Alison shows the development of her sexuality through entries in her children’s diary and excerpts from communication with peers. Her first sexual experience is with her girlfriend, Joan. Likewise, the father hid his secret about his first sexual adventures with peers and the army. Alison obsessively thinks she is doing the wrong thing, guided by more conservative attitudes and possible judgments. Although she will declare her own orientation in defiance of her father, she will still be held by uncertainty in her actions. It is precise because she will never know her father’s motives for keeping his experience a secret. After all, he was guided not only by accepted public opinion. The development of sexuality, as a result, stumbles upon unexpected experiences that generate both interest and fear. All identity suffers from these mysteries, becoming a seemingly dependent variable on sexuality.
Conclusion
In fact, these two categories can significantly influence each other, but it is impossible to identify them. Alison achieves catharsis in accepting her sexuality, she can openly declare this, but identity continues to search, further forming a personality. These further steps led to the fact that Bruce was forced to hide his experience, entrusting it only to his daughter. These further steps also led her father to commit suicide, which in the reflection on Alison’s heroine, added to her fear of whether the same awaits her in the end. This fear makes Alison confess her sexuality, but he does not leave her further. New questions arise; Alison does not know whether to blame herself for her father’s deliberate suicide. He wanted to fulfill his need to demonstrate femininity through her. However, it is very likely that he wanted the best for his daughter, who will find her calling in life, regardless of his actions. He destroyed access to his identity along with the power he had over his daughter.

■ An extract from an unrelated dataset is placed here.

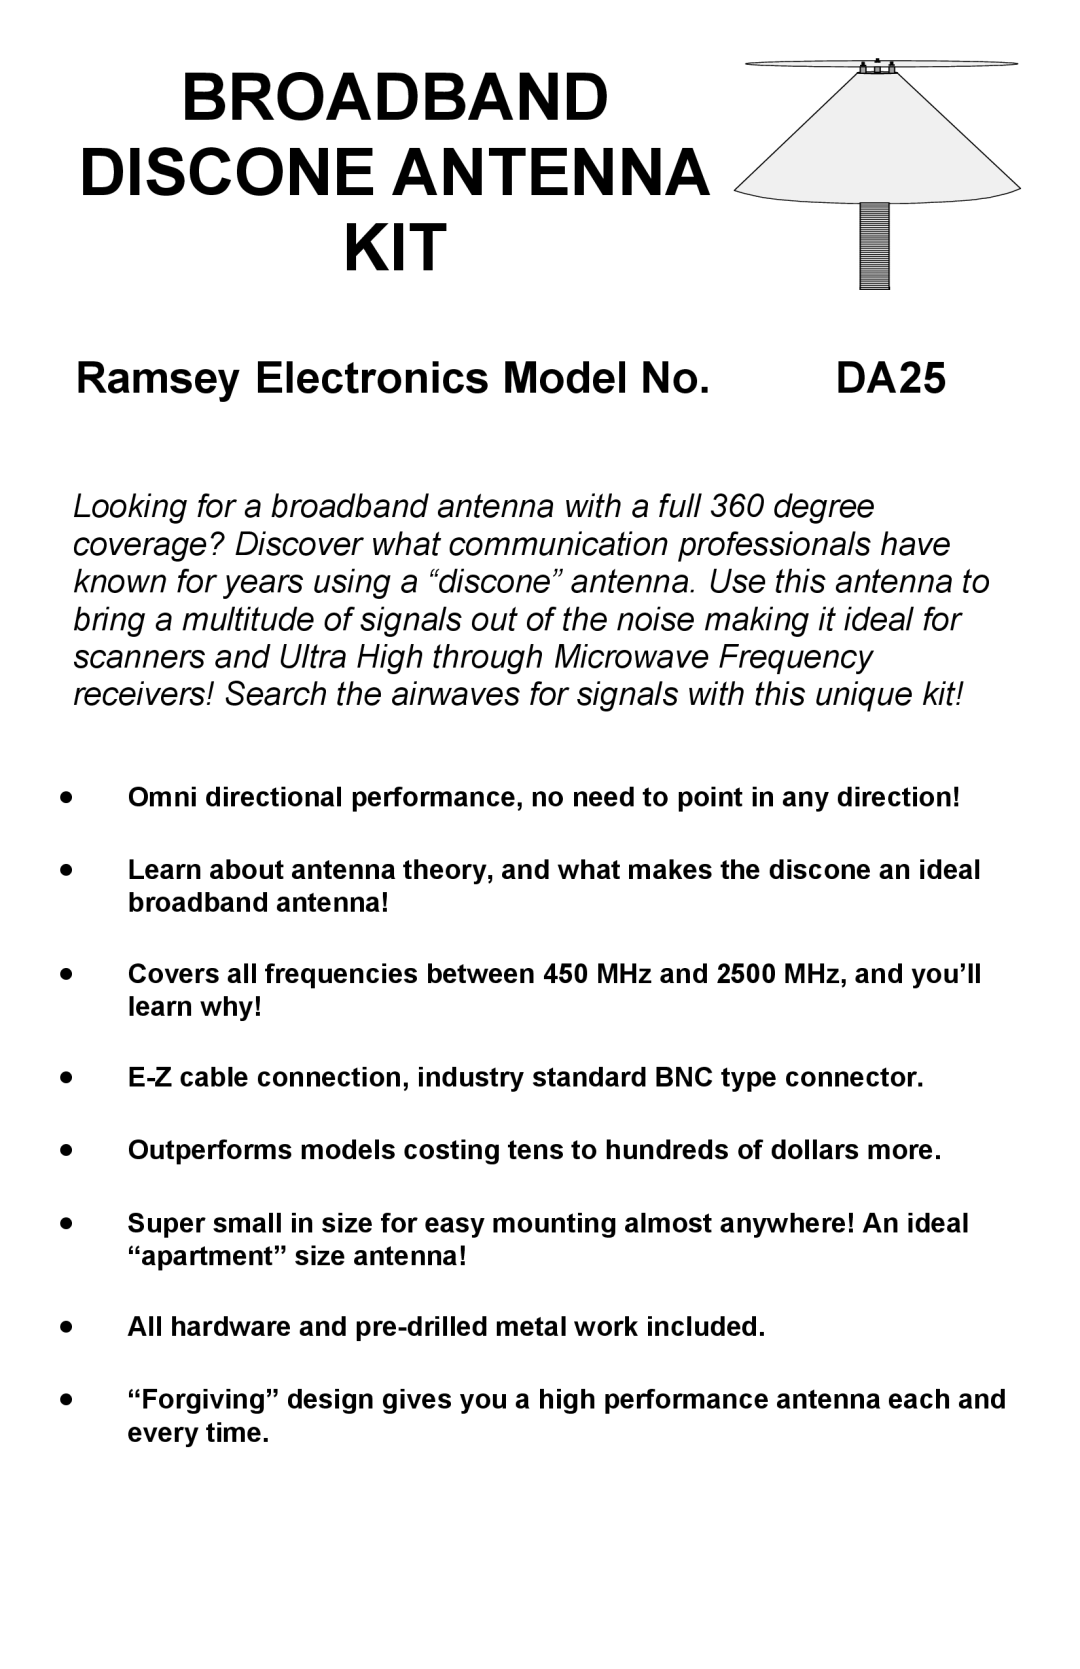 Ramsey Electronics DA25 manual Broadband Discone Antenna Kit, Ramsey Electronics Model No

Finally, an equally important question appears in the following context. Alison would not have been born if Bruce had not suppressed his sexuality by forming such a conflicting identity. This fact shows that every decision in life, regardless of a person’s sexuality and identity, has its pluses and minuses. Sooner or later, even the father opened the veil of his secrets for his daughter. It turns out that honesty is the key to the absence of conflicts, and the lack of answers to many questions is either a matter of time or a matter of importance. Alison continues her life the way she wants, and sooner or later, she will be able to achieve solutions to her problems. Some of them appeared because of the father, but he corrected many of them. If the heroes were able to decide on sexuality, then the identity remained dynamic until the very end of the work, both in the heroes’ eyes and within them.
Reference List
Bechdel, A. (2007). Fun home: A family tragicomic. Boston, MA: Houghton Mifflin Harcourt.